# Newbie - test results mean IVF unlikely to work, can't stop crying.



## BellaBel (Apr 7, 2016)

Hello everyone

I'm new to the forum, hoping for some words of wisdom!

We've been ttc for nearly 3 years, we're both 35. My GP referred us to the fertility clinic here in Belfast and we got our test results back last week. They weren't great.

My amh is very low and my husband's results were low across the board too. The consultant had looked at our lifestyle etc and has advised that there's nothing we can really do or change to get the results up. He's put us on the waiting list for IVF but told us not to get our hopes up, its unlikely to be a success.

We get one crack at IVF on the NHS here in Northern Ireland and the waiting list at the minute is about a year.

I'm not doing too well at the minute. My poor husband is being awesome but I feel like I'm falling apart. I need to support him too and I'm doing my best but I'm a mess. 

We've decided (at the minute!) that we'll have this one shot at IVF, try to think positive, and if its not a success we'll leave it there and move on with our lives. Maybe book a big holiday if it doesn't work. 

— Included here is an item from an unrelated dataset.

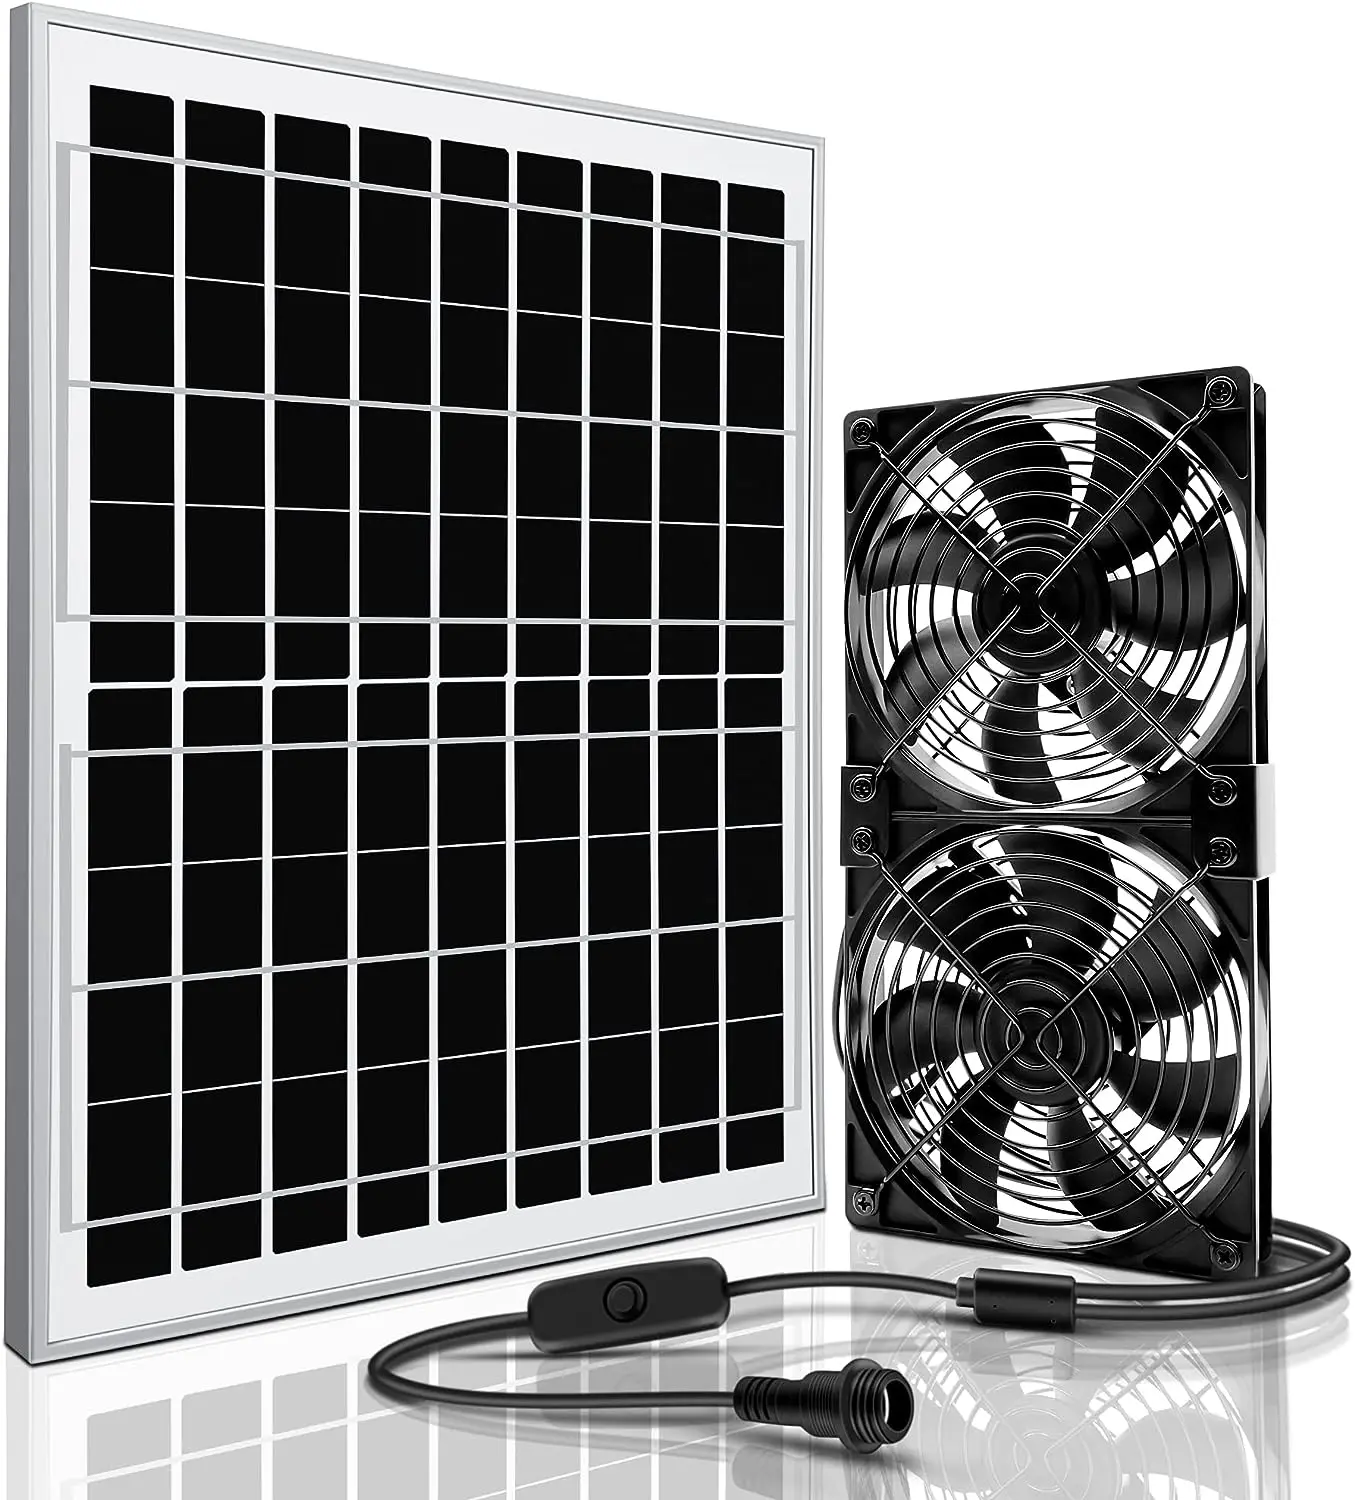 

Вентилятор с питанием, 15 Вт Солнечный вентилятор для наружной теплицы, курятника с проводом 13,78 футов и двойным бесщеточным вентилятором
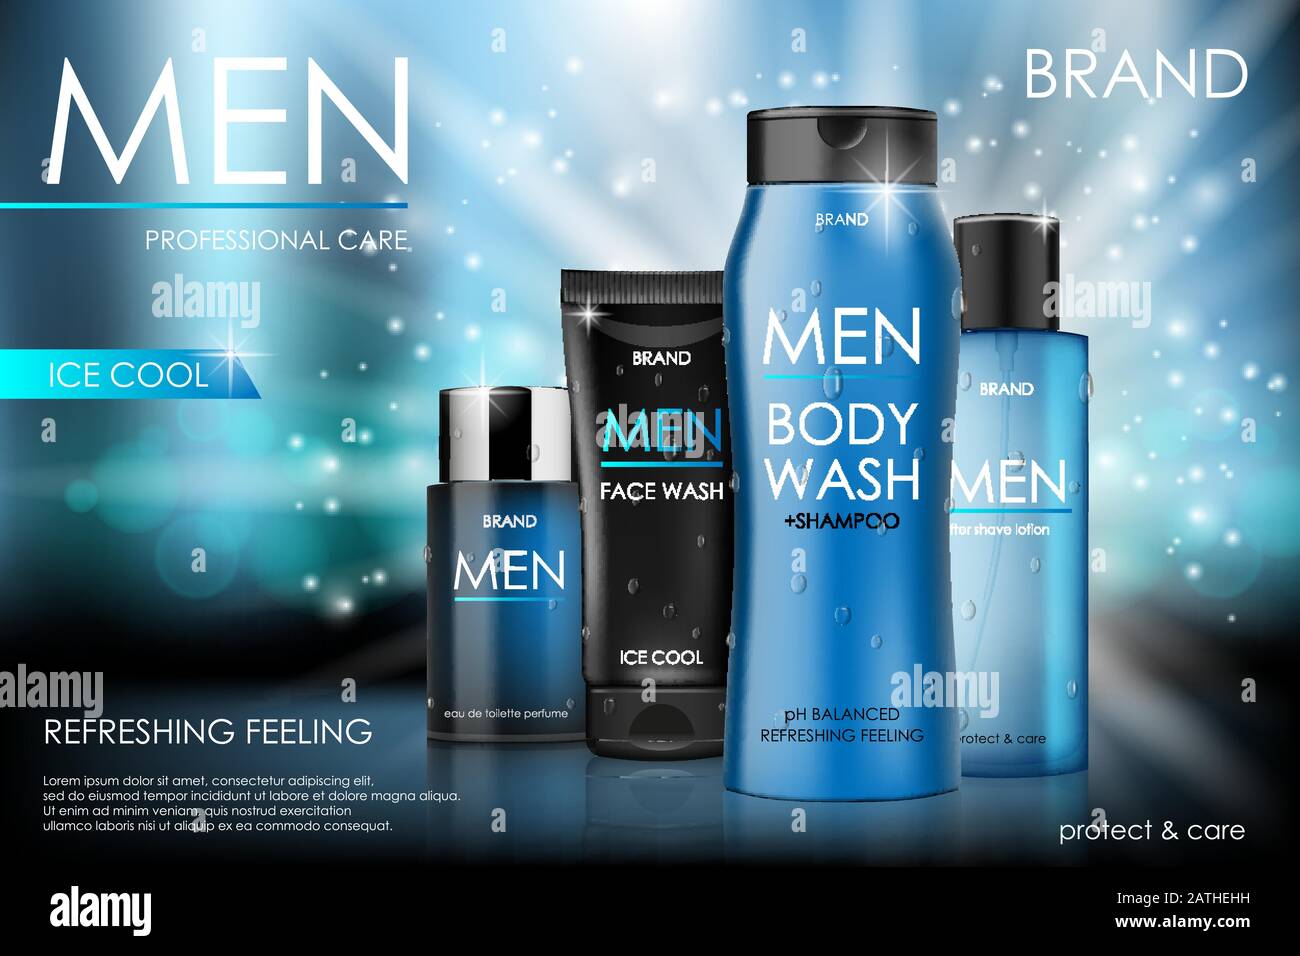 Magazine Ads For Men

My two best friends are pregnant. One knows that we'd been trying (as i mentioned it when she asked me to stand up at her wedding) but we've never talked about it and I finally cracked at Christmas and wailed to my other best mate about our struggles ttc. Off the back of that conversation she decided that she and her husband should maybe start trying and they got pregnant first month. I'm happy for them, I am! But I'd be a liar if I said I wasn't jealous, i just wish we could be in the same boat!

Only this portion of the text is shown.